# "ScaleMP vSMP" on Dual Core Athlon, kernel 2.6.16

## schwarzygesetzlos

I reckognized that this kernel option is new in 2.6.16. Are there any advantages over selecting 'Support for ScaleMP vSMP' the normal 'PC-Compatible' Mode? What are the differences?

I didn't find much googling around on this topic. My machine is an Athlon-X2 4200, 2gb ram - used as a desktop machine, much CD & DVD ripping.

----------

## suso

Yes, I was also wondering this.  I have a dual core Intel dempsey processor (which is EM64T).  But the way they word the option is a bit misleadng:

 *Quote:*   

> 
> 
> Support ScaleMP vSMP systems. Say 'Y' here if this kernel is supposed to run on these EM64T-based machines. Only choose this option if you have one of these machines'
> 
> 

 

I think there must be some kind of special system that uses EM64T processors and some other special hardware or something.  I'm guessing most people don't actually have these.  I really doubt your AMD chip would qualify.

----------

## schwarzygesetzlos

 *suso wrote:*   

> Yes, I was also wondering this.  I have a dual core Intel dempsey processor (which is EM64T).  But the way they word the option is a bit misleadng:
> 
>  *Quote:*   
> 
> Support ScaleMP vSMP systems.
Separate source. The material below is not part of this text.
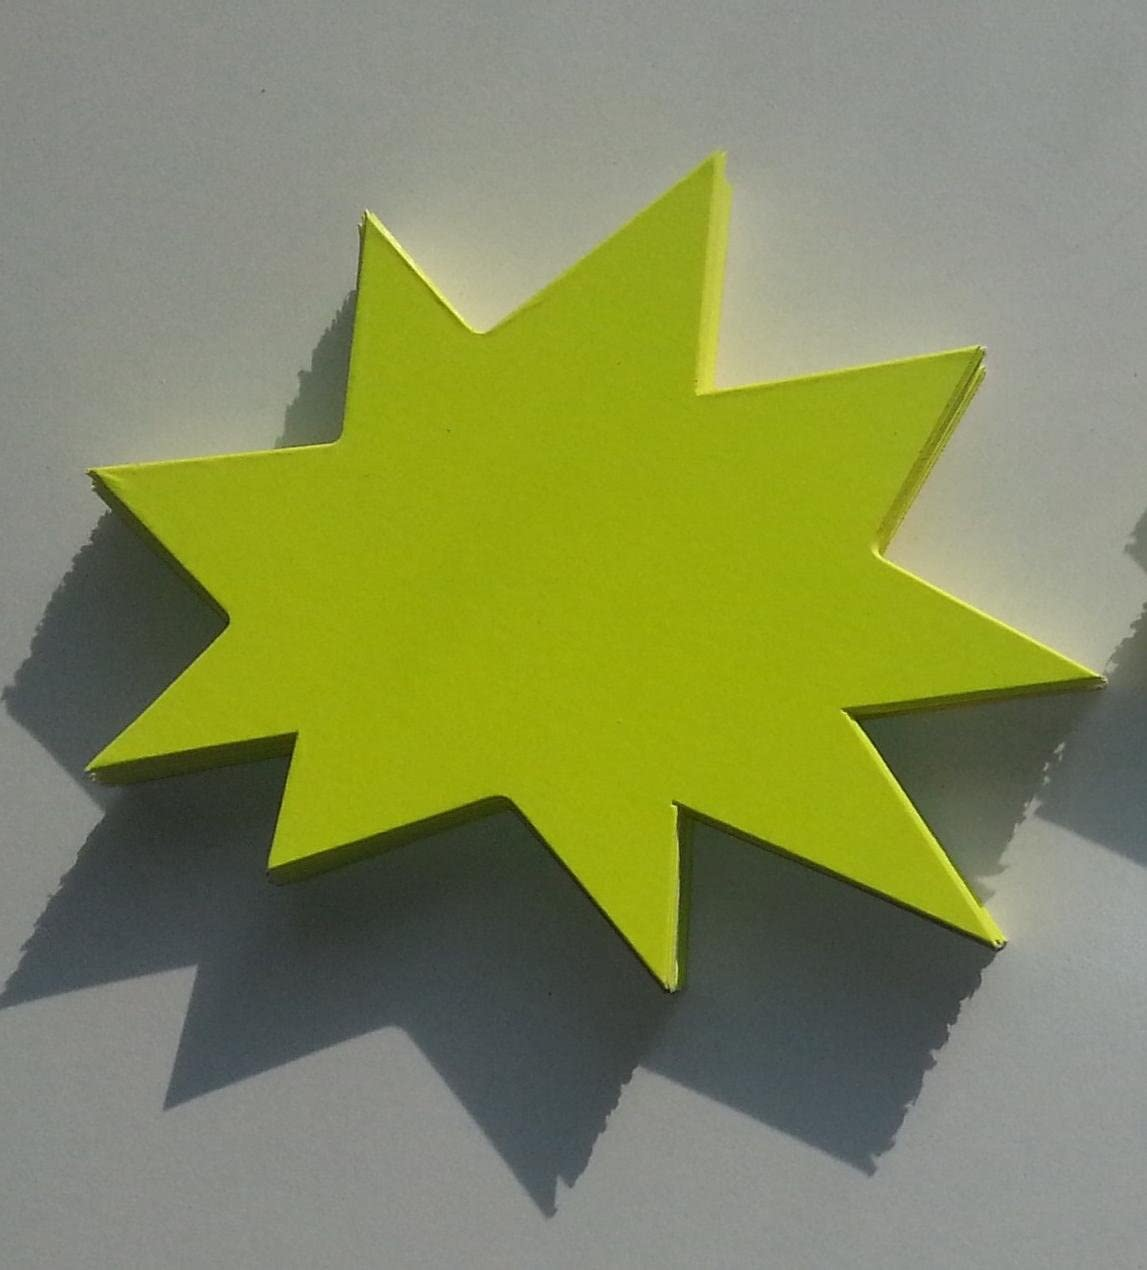 50 Recktecht Preisschilder aus Karton zitronengelb 7,5 x 10,5 cm 380g//qm Werbesymbole f/ür R/äumungsverkauf Sterne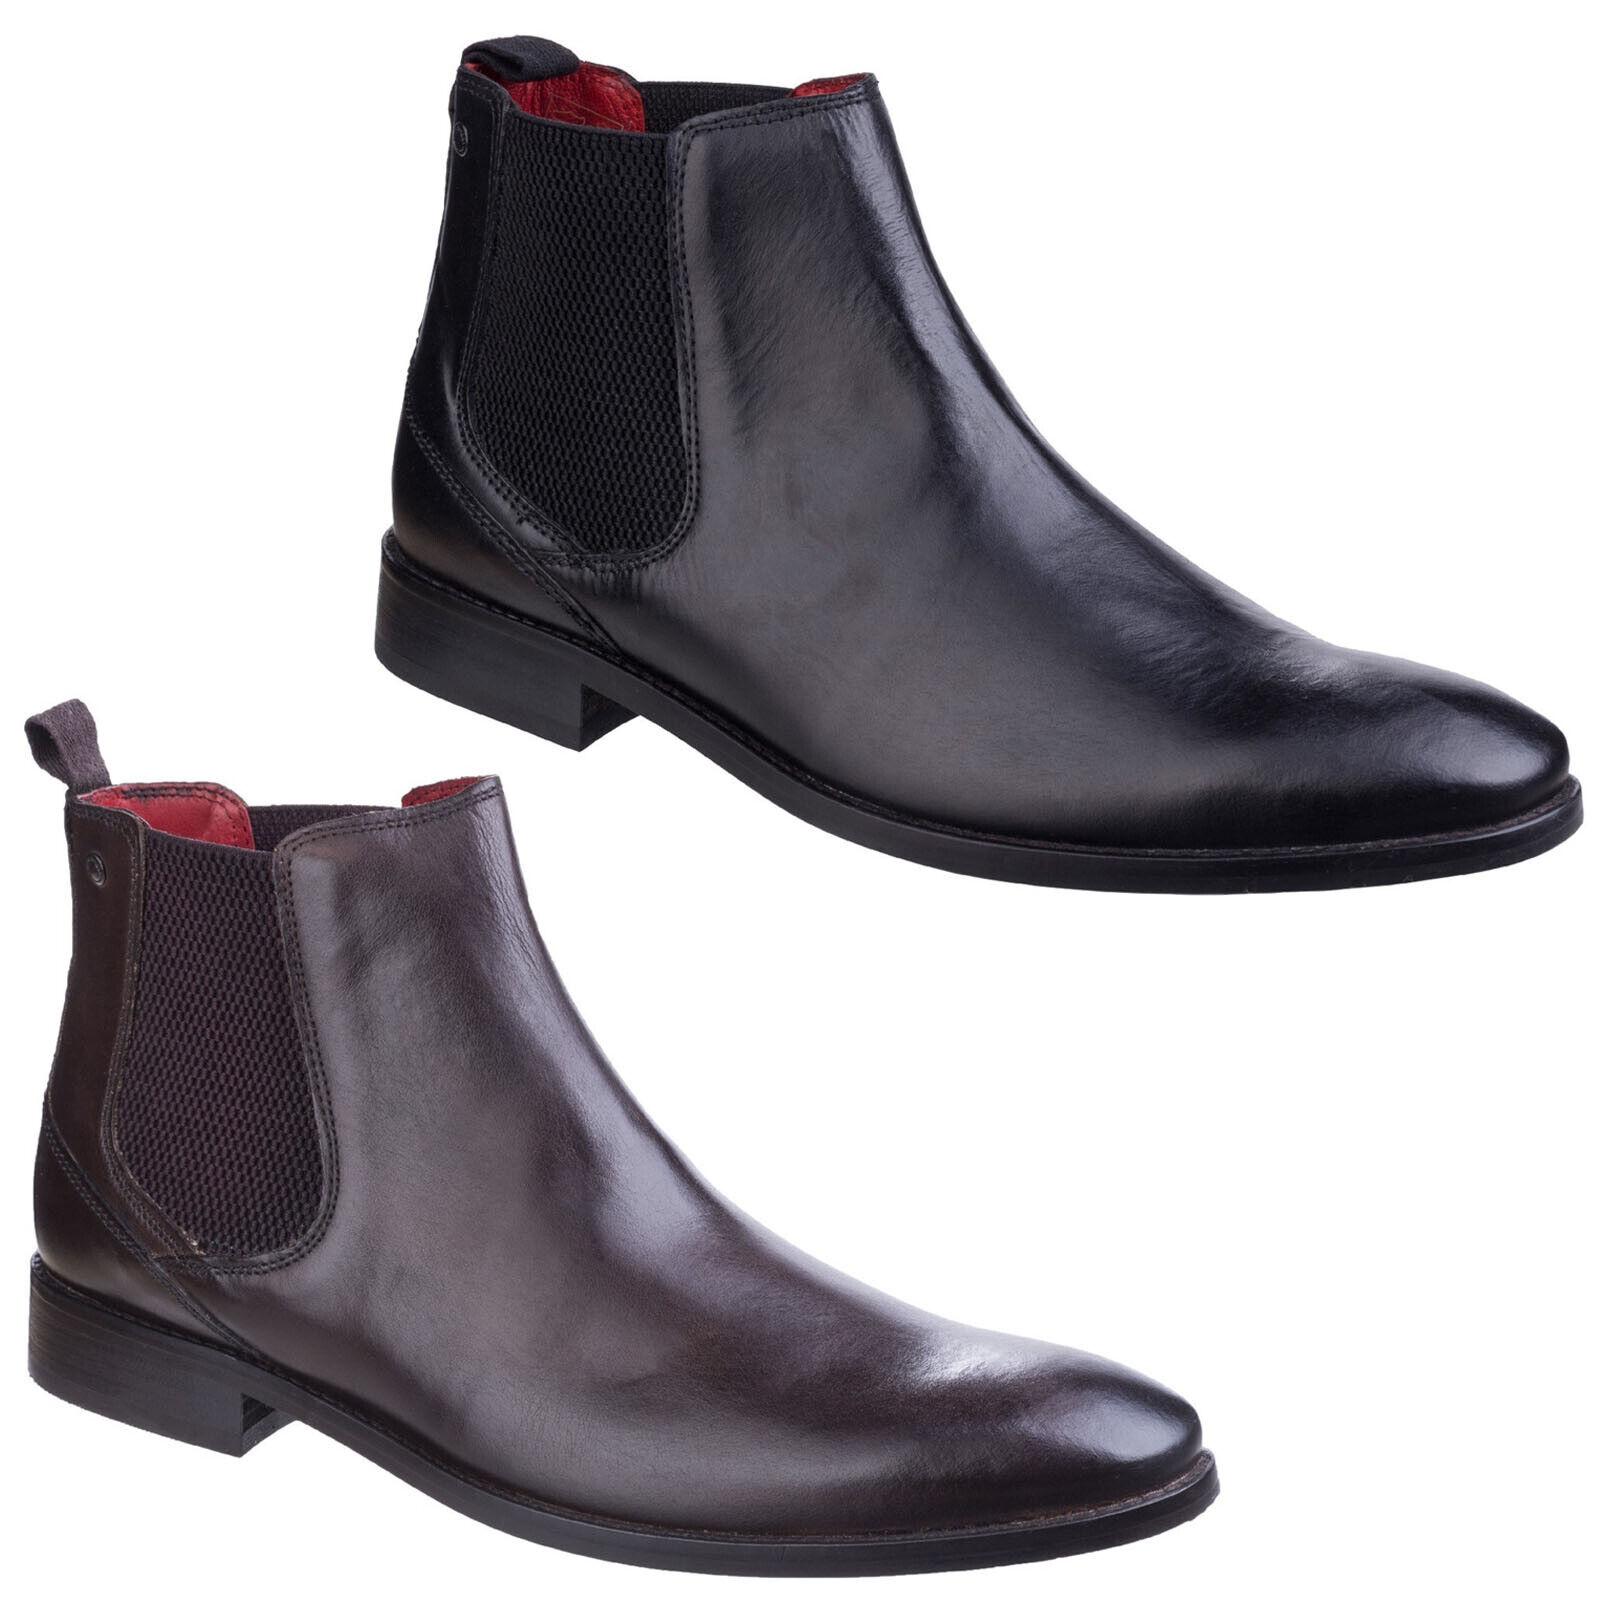 Base London Cheshire Chelsea stivali Formal Leather Smart Dealer  Mens scarpe  consegna gratuita e veloce disponibile

Say 'Y' here if this kernel is supposed to run on these EM64T-based machines. Only choose this option if you have one of these machines'
> ...

 

Hmm, ok. I thought it could have been some general improvement for x86 64bit multicore-processors. But reading your quoted description again, I agree with you. Possibly not much use on AMD-chip, as long as this EM64T-technology is only implemented in Intel processors.

Since the 2.6.17 kernel, the next question is wether to choose the hyperthreading or the multicore threading support for which processors?   :Smile: 

----------